Ten times out of twelve, wheat yields of the No-Pesticide system were significantly lower than those of the PHEP system (Fig. 2; Table 2). In five cases, there were higher pest pressures in the No-Pesticide system: (i) in 2009, more root disease damage (take-all); (ii) in 2016.2 and 2017, more weed competition; and (iii) in 2018.1 and 2018.2, more foliar disease damage (Septoria and brown rust) and weed pressure. In four cases, significant yield gaps were not explained by greater pest pressures: (i) in 2010.2, 2011, 2012, and 2015, pest damages were low in both systems (data not shown); (ii) in 2014, similar medium disease damages were observed in both systems.
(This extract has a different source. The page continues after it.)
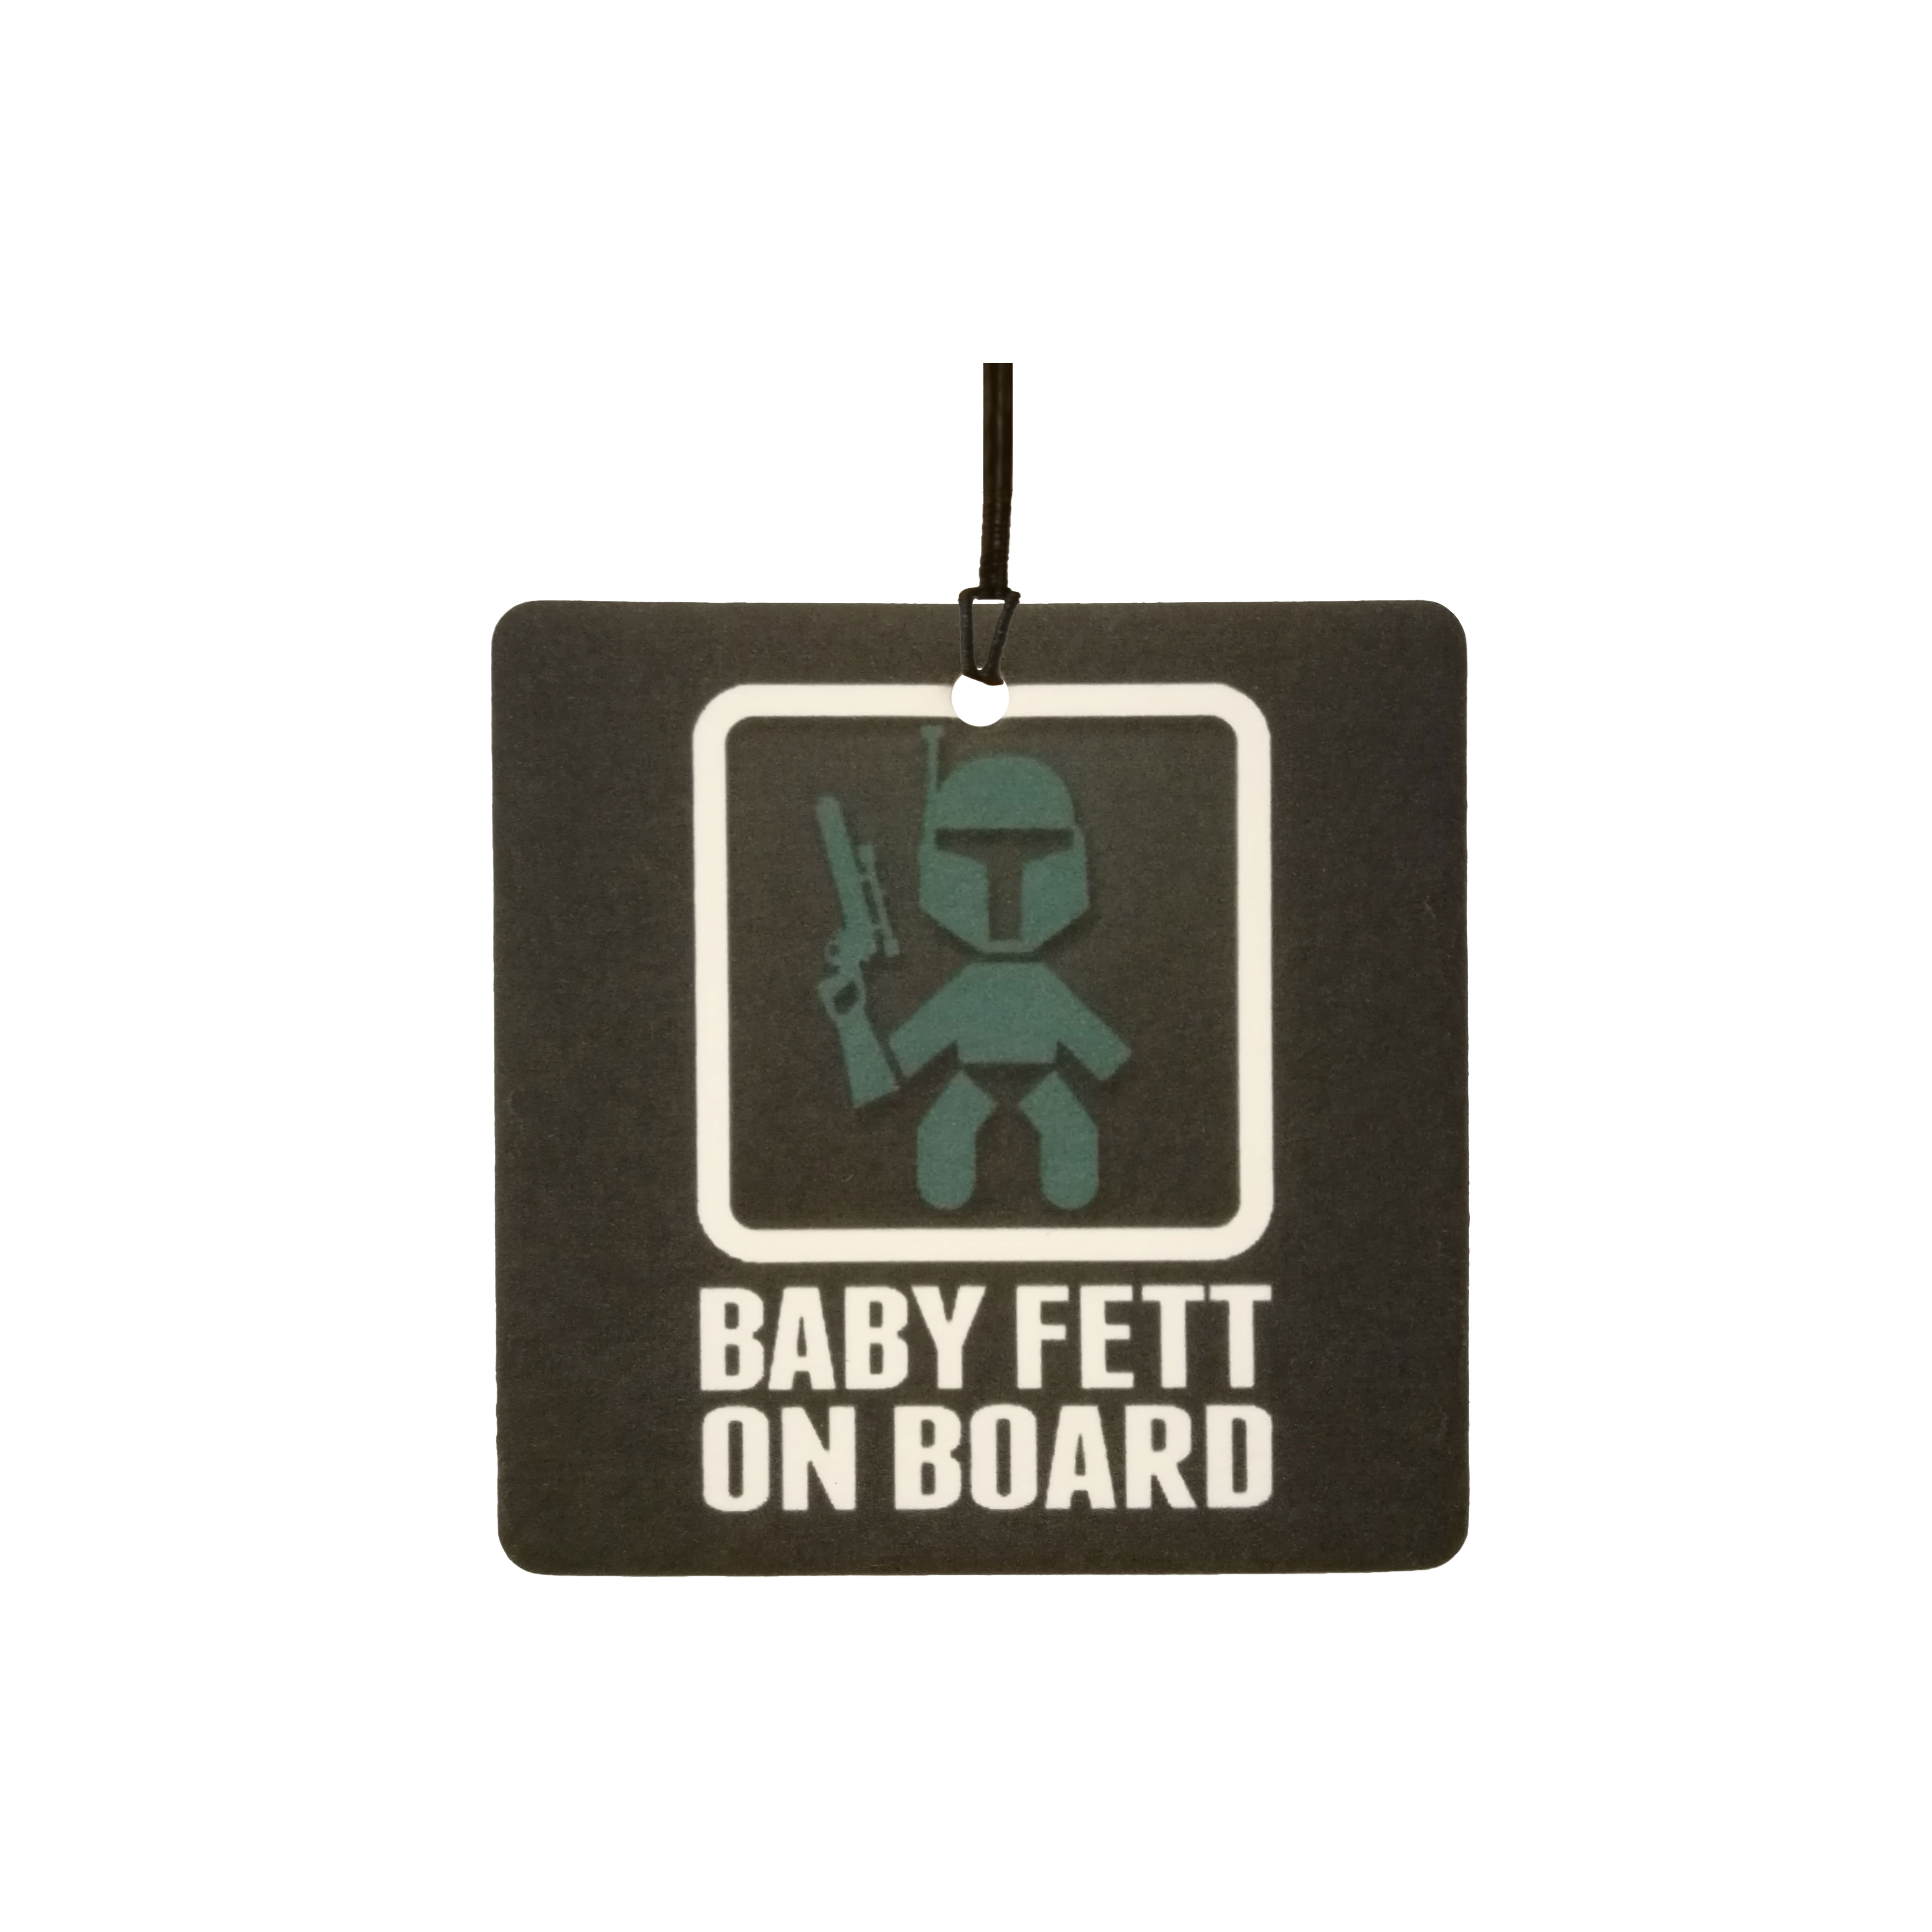 Baby Fett On Board

Yield gaps were not significant in 2010.1, and 2016.1.

3.2.2 Triticale

The highest yield drop in 2014 (Fig. 2; Table 3) resulted from disease damage occurring during tillering (yellow rust) and during the grain filling period (brown rust). In 2012 and 2013, there were low pest pressures leading to medium yields. In 2018, despite the high disease pressure, the yield drop was very low compared to those measured in 2012 and 2013. In 2019, due to the lack of disease pressure, and resulting from fulfilled nitrogen requirements (data not shown) yield was the highest.

3.2.3 Spring faba bean

This crop has been affected by large yield drops three years out of six (Fig. 2; Table 3). In 2011, 2015, and 2016, weevil pressures were high at crop emergence, thus weakening the plants. Later, either great aphid attacks (in 2011) or heavy disease pressures (mildew in 2015; Botrytis in 2016) led to plant damages and low plant growth, thus favoring weed development. In 2017, weevil attacks occurred on tall and old plants, due to the earlier sowing date, resulting in low damages (Table 3). In addition the same year, the disease pressure was low in the region (http://agriculture.gouv.fr/bulletins-de-sante-du-vegetal), resulting in limited plant damages, thus enabling better crop competition against weeds. In 2009 and 2010, the slight yield decreases were consistent with the low pest damages observed.

3.2.4 Maize

Yields increased regularly over time, until the highest value in 2019 (Fig. 2; Table 3). Damages from birds (in 2009, 2013, and 2014) and slugs (in 2014) limited plant growth in the early stages, resulting in intensive weed development and weed competition. In 2015 and 2019, during the first growth steps, large weeds were highly competitive due to large development. Either Geomyza (in 2015) or Ustilago (in 2019) consequently weakened plants. Over these two years, additional corn borer damages also occurred. In 2019, corn borer pressure and summer drought did not limit yield.

For all species, yields were highly variable across years.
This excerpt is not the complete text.